I don’t think they’re worried about it. I think they – and especially the media – like to keep the masses in a state of fear, and looking to them to “rescue” us from their own inability to enact true reform.

BhacSsylan's avatar

Speaking of the fiscal cliff, McConnel just filibustered his own bill dealing with the debt ceiling: http://www.nytimes.com/interactive/us/politics/debt-reckoning.html (scroll down to “Reid Calls McConnell’s Bluff on Debt Ceiling”, site is kind of obnoxious).

Yup.

wundayatta's avatar

It’s all marketing and public relations and mythology. None of this is happening very fast and it certainly won’t happen on Jan 1. Congress has lots of time to work things out. I’m not sure if the politicians are talking it up to create pressure, or if it’s the press or lobbyists or what.

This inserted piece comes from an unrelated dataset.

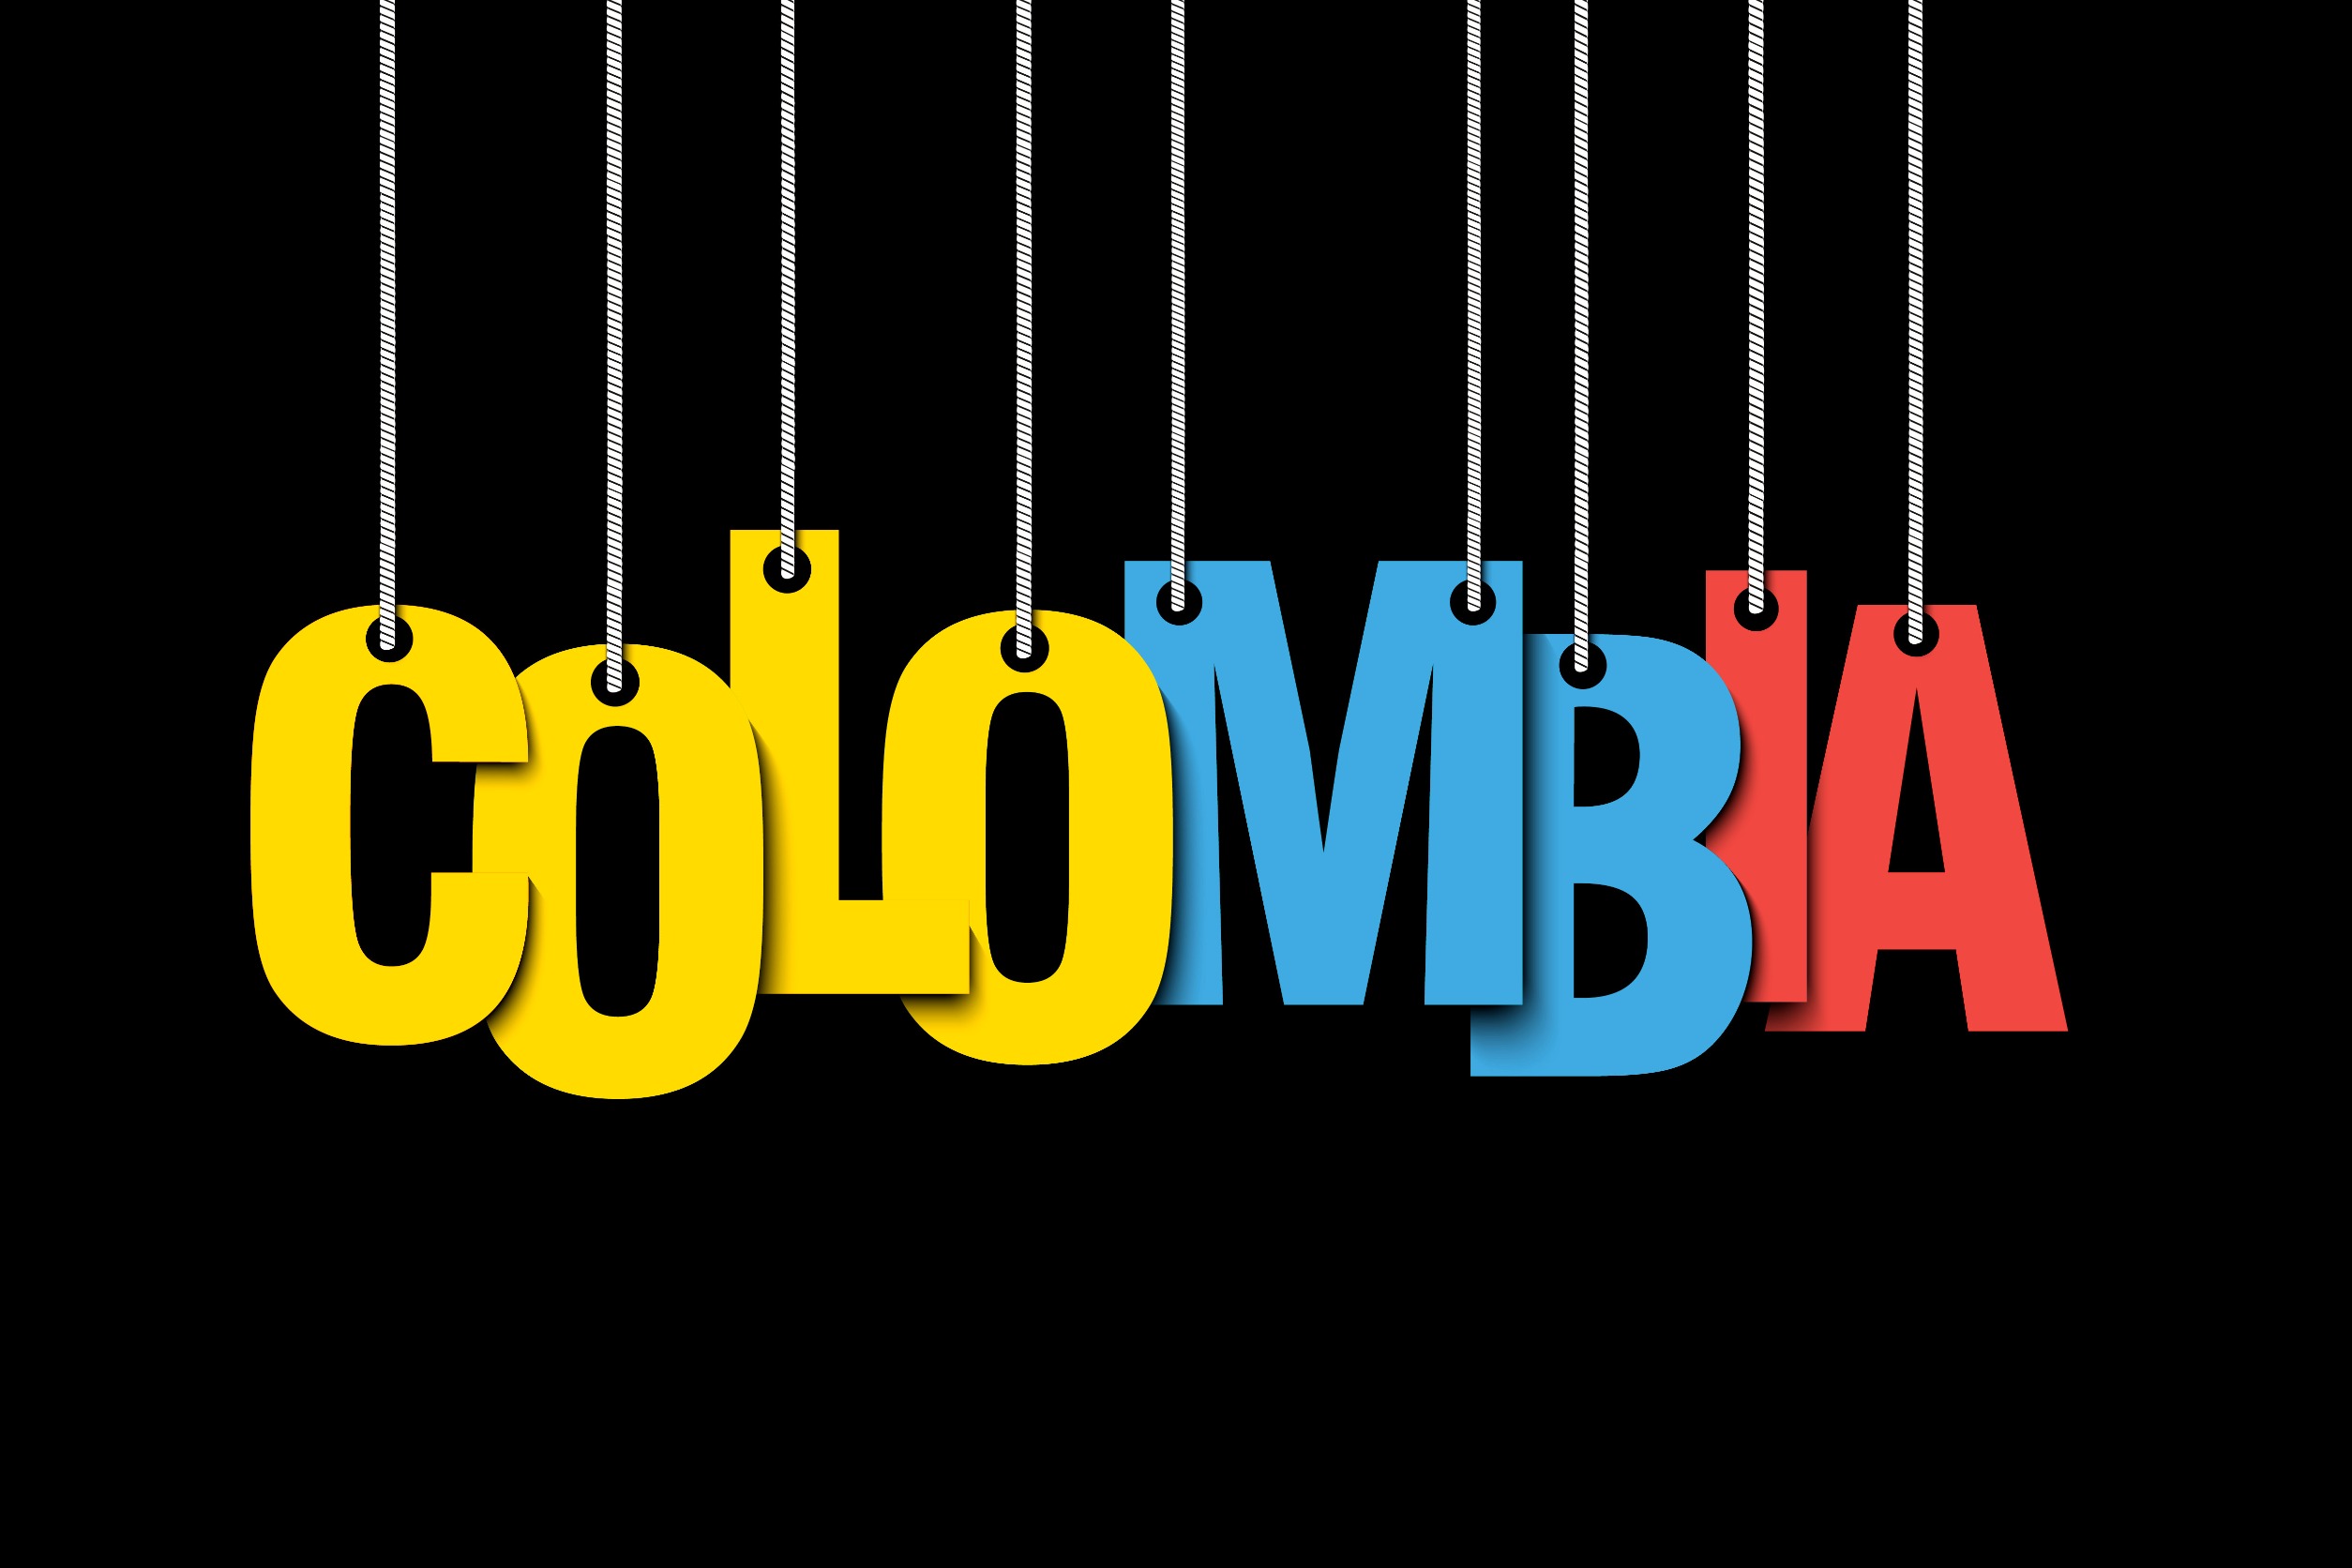 le mot colombia sur fond noir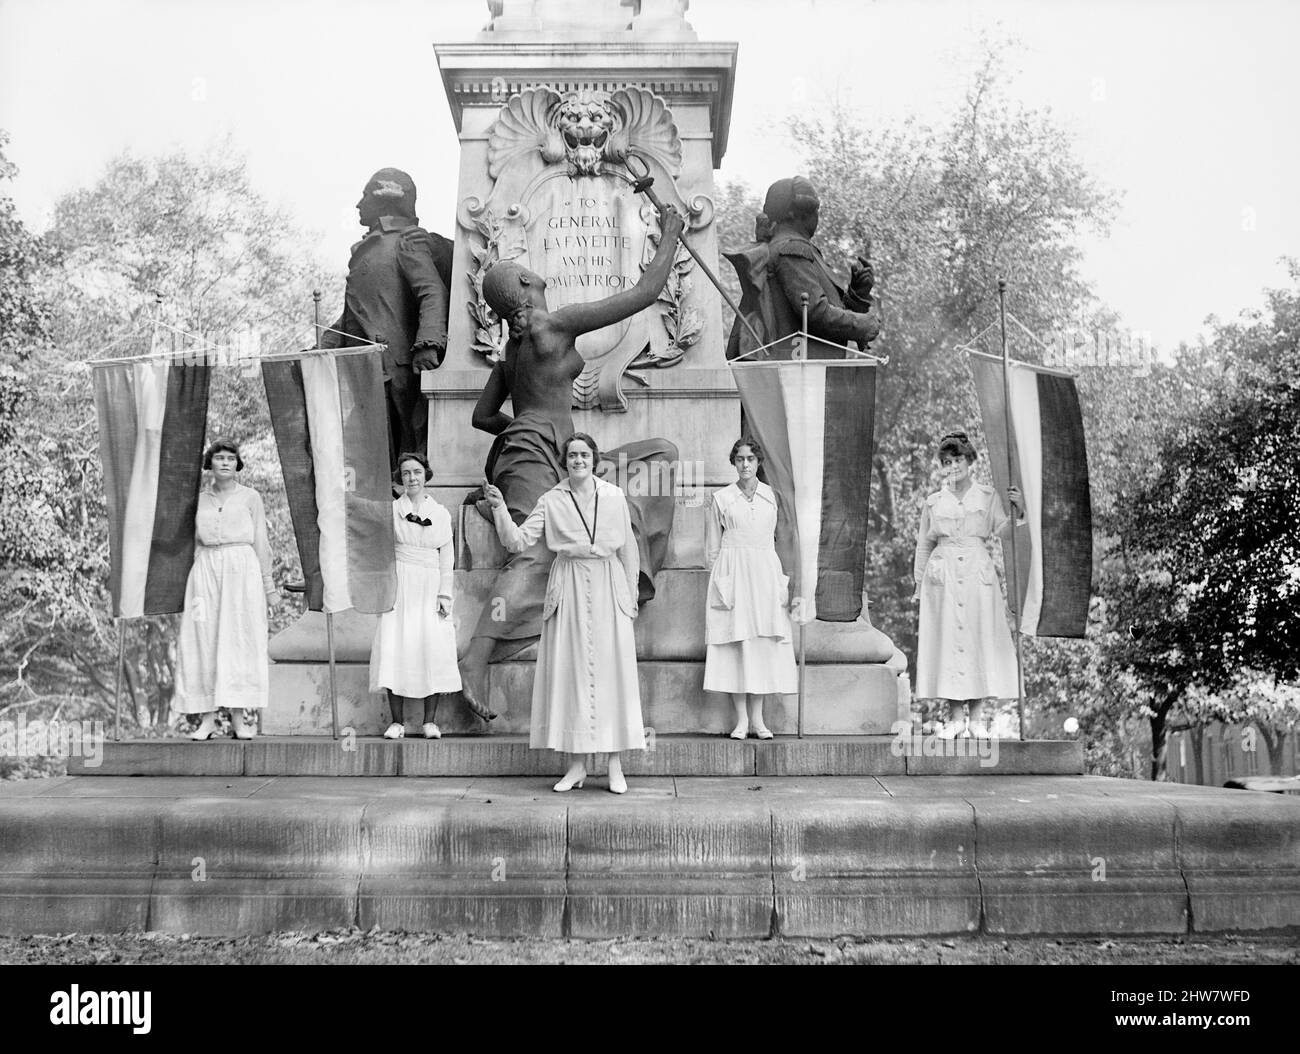 Suffragettes manifestant à la statue de Lafayette, Washington DC, États-Unis, Harris & Ewing, 1918 Banque D'Images

But the fiscal cliff is more like a fiscal molehill, in terms actual impact. Or rather, an infinite series of molehills. Problem is, molehills don’t make for good press coverage, nor do they create an exciting bump. So they turn the molehill into a cliff, and voila! They’ve given the news organizations their headline for the next few months.

All in all, they’d probably be better off playing Parcheesi.

jrpowell's avatar

I really want to go over the cliff. The tax cuts expire and then a bill is introduced to lower the tax rate for the middle class. Let the Republicans fight it. And then let Obama bring it up every week that the GOP shot down the “tax relief bill for the middle class bill of 2013.”